Née en 1957, sa petite-fille, dans une tribune publiée par le Guardian du 22 octobre, se dit ainsi « sous le choc » devant la performance exécutée par deux activistes du mouvement Just Stop Oil : ils venaient d'arroser un tableau de Vincent van Gogh de soupe à la tomate, à la très londonienne National Gallery. On a les émois qu’on peut, ce « choc » ayant été « nécessaire », à l’en croire : « Just Stop Oil a choqué le monde, mais nous devons prendre des mesures disruptives face à la crise climatique avant qu’il ne soit trop tard. »
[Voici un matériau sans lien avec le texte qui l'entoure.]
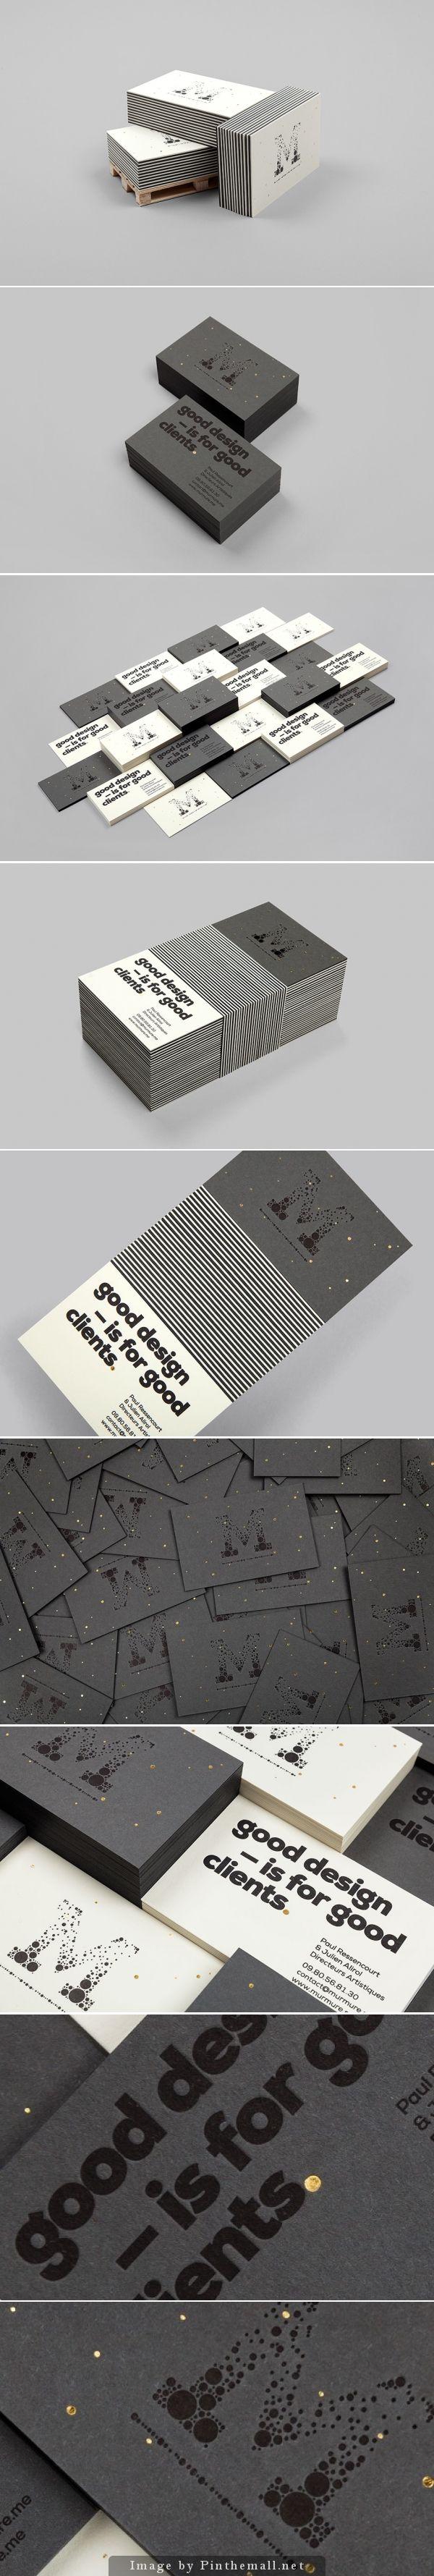 Biz card / Good design by Murmure

Et Libération, arbitre des élégances progressistes, d’enfoncer le clou : « Aileen Getty a fièrement financé le Climate Emergency Fund, qui à son tour accorde des subventions aux activistes climatiques engagés dans la désobéissance civile et légale non violente, y compris Just Stop Oil. » C’est-à-dire que cette gosse de riches se fait pardonner à peu de frais une opulence issue des dividendes de l’entreprise pétrolière familiale en subventionnant des « activistes » antipétroliers. Autrefois, du temps où le Vatican régentait les consciences et où les puissants de ce monde payaient pour expier leurs péchés, réels ou putatifs, on appelait ça des « indulgences ». Rien ne semble avoir fondamentalement changé depuis.
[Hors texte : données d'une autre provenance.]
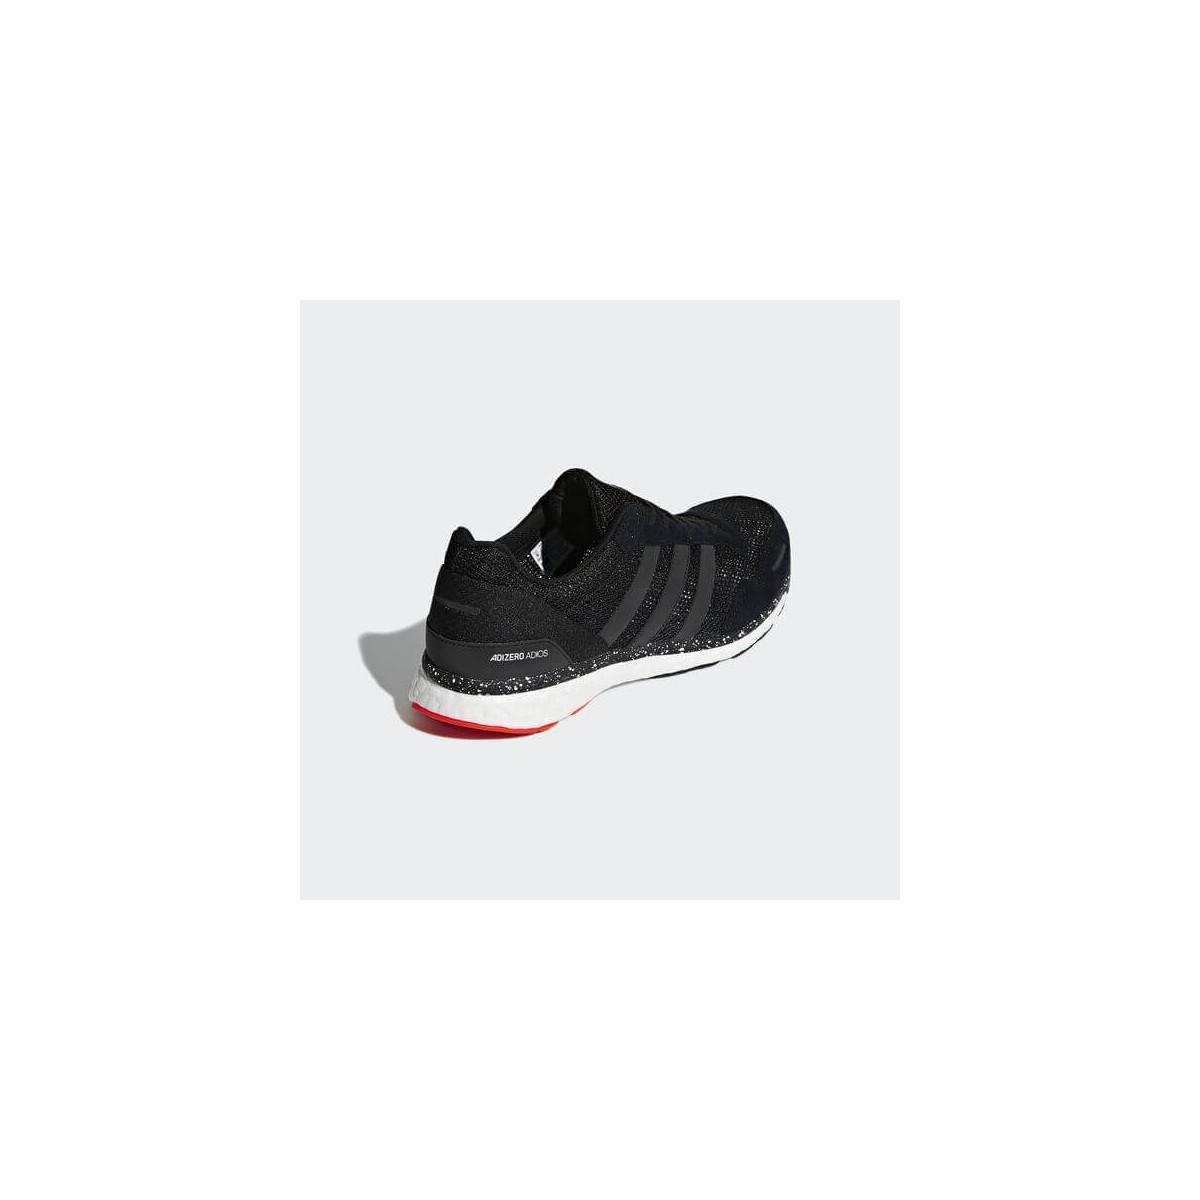 reputable site c477c 520a0 Zapatillas Adidas Adizero Adios 3 Negro OI18

On notera que le cas d’Aileen Getty n’est pas nouveau. Patricia Hearst, par exemple, l’une des cinq filles de William Randolph Hearst, magnat de la presse qui inspira le Citizen Kane (1941) d’Orson Welles, après avoir été enlevée en 1974 par l’Armée de libération symbionaise, mouvement américain d’extrême gauche, épousa un temps la cause de ses ravisseurs. Histoire de se faire pardonner d’être bien née ? En partie, tel qu’elle le confesse au magazine Playboy, en mars 1982 (Paroles de lapin, Éditions du sous-sol) : « C’était un acte conscient : je n’ai pas eu beaucoup à me forcer. […] L’argumentaire de l’ALS en faveur de ma conversion était que mes parents avaient été horribles, qu’ils étaient extrêmement décadents et que j’avais été libérée de cette épouvantable vie bourgeoise que je menais ; n’étais-je pas une petite veinarde d’avoir été choisie par eux ? »
Voilà qui rappelle le syndrome des « radicaux chics », si bien analysé par l’écrivain américain Tom Wolfe, à l’occasion d’un réjouissant reportage publié en juin 1970 dans le New York Magazine, quand le musicien Leonard Bernstein invitait le gratin des Black Panthers dans son duplex de treize pièces avec vue sur Central Park. Extraits : « Tout est pour le mieux. Les domestiques sont des Blanches […] des Sud-Américaines blanches. […] En fin de compte, tout est une question de domestiques. C’est là qu’est la pierre de touche du chic gauchiste. Il est bien évident, en effet, que si vous donnez une party pour les Black Panthers […] vous ne pouvez pas avoir un maître d’hôtel noir. […] C’est tout simplement inimaginable. C’est pourquoi la vogue actuelle du chic gauchiste a donné le signal de départ à une chasse éperdue au domestique blanc. »
Être à la fois riche et de gauche demeure un sacerdoce de chaque instant. Sans aller si loin, on se souviendra de l’immense écrivain Romain Gary. Parfois à juste titre fatigué des frasques révolutionnaires de son épouse Jean Seberg, actrice hollywoodienne elle aussi très en pointe dans la fraternisation avec le FLN algérien et les mêmes Black Panthers, Gary aimait à dire : « L’ironie est toujours une bonne garantie d’hygiène mentale. »
Pensait-il à tous ces Tartuffes et ces Tartuffettes ? Il n’est pas interdit de l’imaginer.